从苏言最开始入朝堂时,他就已经看出来了。
顿了顿,李玄又道:“只是消息传出,难免会遭人非议,你报纸那边还需好好引导。”
这也是他第二个自信来源。
如今苏言的报纸在大乾各地非常畅销。
之前几次都让他看到了报纸引导舆论的能力。
他相信苏言能够将此事处理妥善。
“父皇放心,此事交给儿臣来处理即可。”苏言自信道。
若是放在以前。
这种丑闻出去之后,皇室定会被人所诟病。
可如今借助报纸的力量,将这丑闻塑造成一个梗,并非难事。
“还有一件事。”李玄微微点头,神色认真地看着苏言。
“父皇请讲。”苏言道。
“沈灵淑乃功臣子女,且心性与能力都不俗,朕将她安置在你的万年县,你应该知道朕的目的。”李玄道。
苏言闻言,脸色一滞,顿时露出尴尬之色。
他就知道,李玄把沈灵淑安排在万年县。
就是为了让他来帮忙擦屁股。
他和沈灵淑也只见过一两次,并没有什么交集。
不过,刚才听到对方从容面对,索要休书,心里对这个女人也有着一些敬佩。
“父皇是准备让她入商行,还是让她做什么?”顿了顿,苏言问道。
“这些你自行安排即可。”李玄摆了摆手,又叮嘱道,“反正不能让她受到任何委屈,否则朕唯你是问!”
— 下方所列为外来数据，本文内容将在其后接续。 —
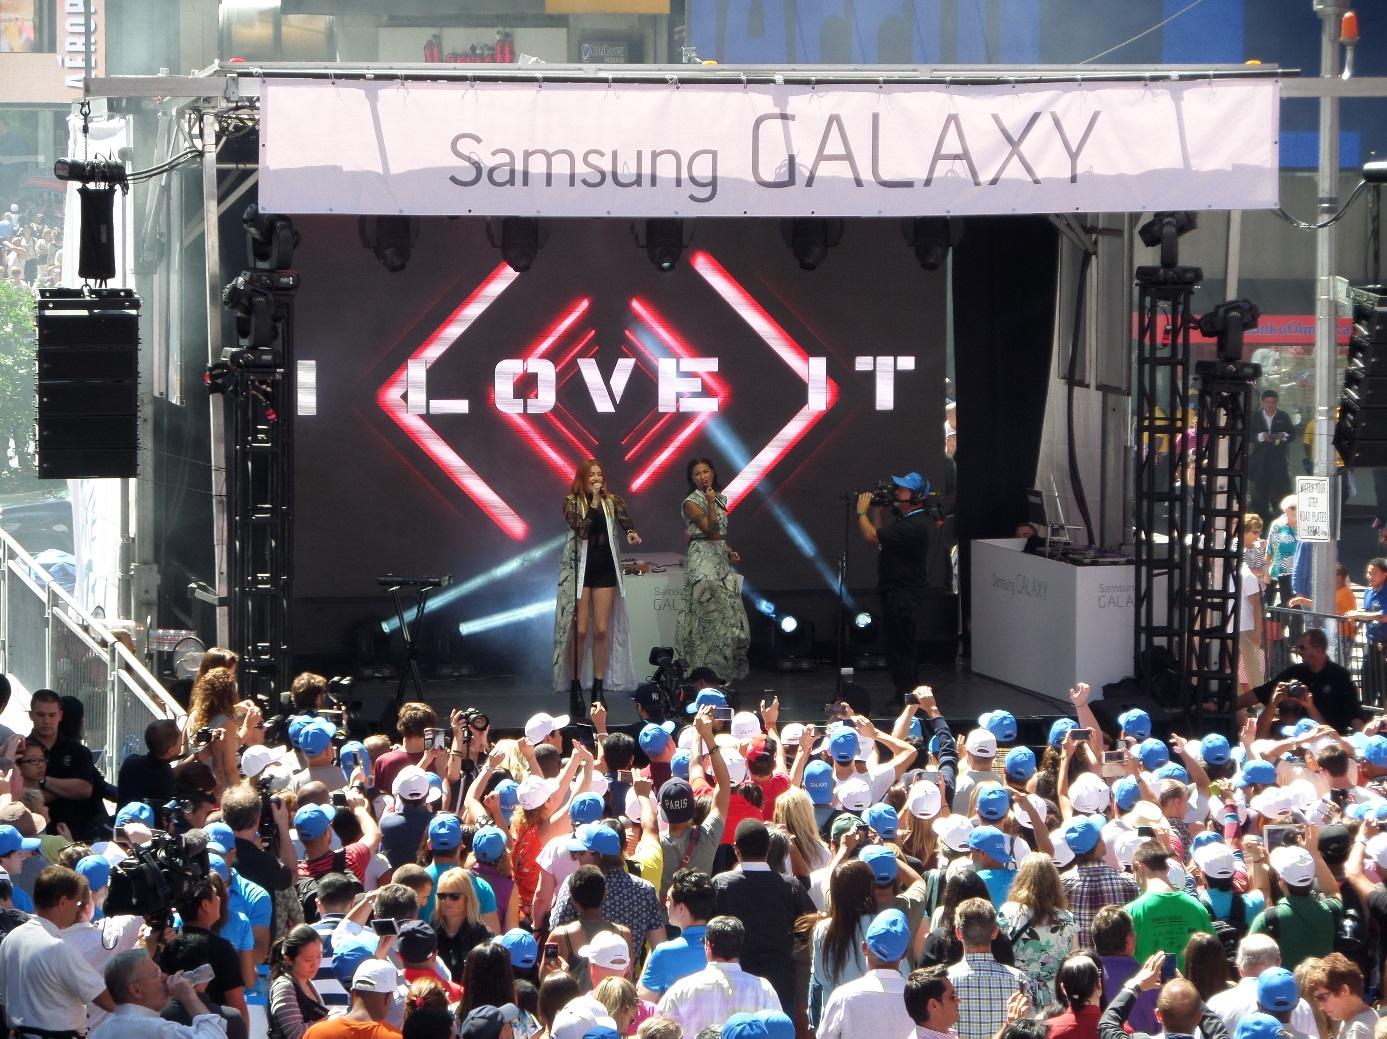 삼성 언팩 뉴욕 생중계 현장에서 아이코나팝이 공연을 하고 있습니다.

苏言扯了扯嘴角,说道:“若父皇真想让她开开心心生活,沈灵淑这个名字就不能要了。”
“你此话何意?”李玄眉头一挑,疑惑看向他。
“事情传出去后,沈灵淑定然会成为热议的对象,若她以这个身份在万年县生活,此事就会伴随她一生。”苏言笑着解释道。
这个时代,女子地位本就不高。
哪怕李玄想要给她安稳生活,赐她郡主的身份,可李承昊的事情传出去,身为正妻的沈灵淑定然会受到非议。
“那你觉得应该如何?”李玄皱了皱眉。
他当时只是想好好补偿沈灵淑受到的委屈。
没有想过这个方面。
如今听苏言这么说,他倒是反应过来。
“沈灵淑之前乃太子妃,很少在外面抛头露面,也没多少人认识。”
苏言看着李玄,笑道,“父皇何不让她换个名字和身份,重新在万年县生活,明面上郡主的封地和食邑无所谓,让人帮忙打理即可,而且……儿臣觉得,父皇应该不会允许她再嫁人,也不希望她顶着皇子前妻的身份招摇过市吧?”
李玄闻言,脸色一僵。
他被苏言说中了心事。
那沈灵淑无论怎么说,也是李承昊的正妻。
即便两人和离,这段关系也无法更改。
他可以允许沈灵淑独自去生活,也可以保她一辈子荣华富贵。
但他不会允许沈灵淑再嫁人。
他相信,沈灵淑也知道这一点。
换个身份,就是目前最好的解决方法。
“还是你小子细心,这点也交给你去办,一定要办好。”李玄拍了拍苏言肩膀,神色间的沉郁也消散一些。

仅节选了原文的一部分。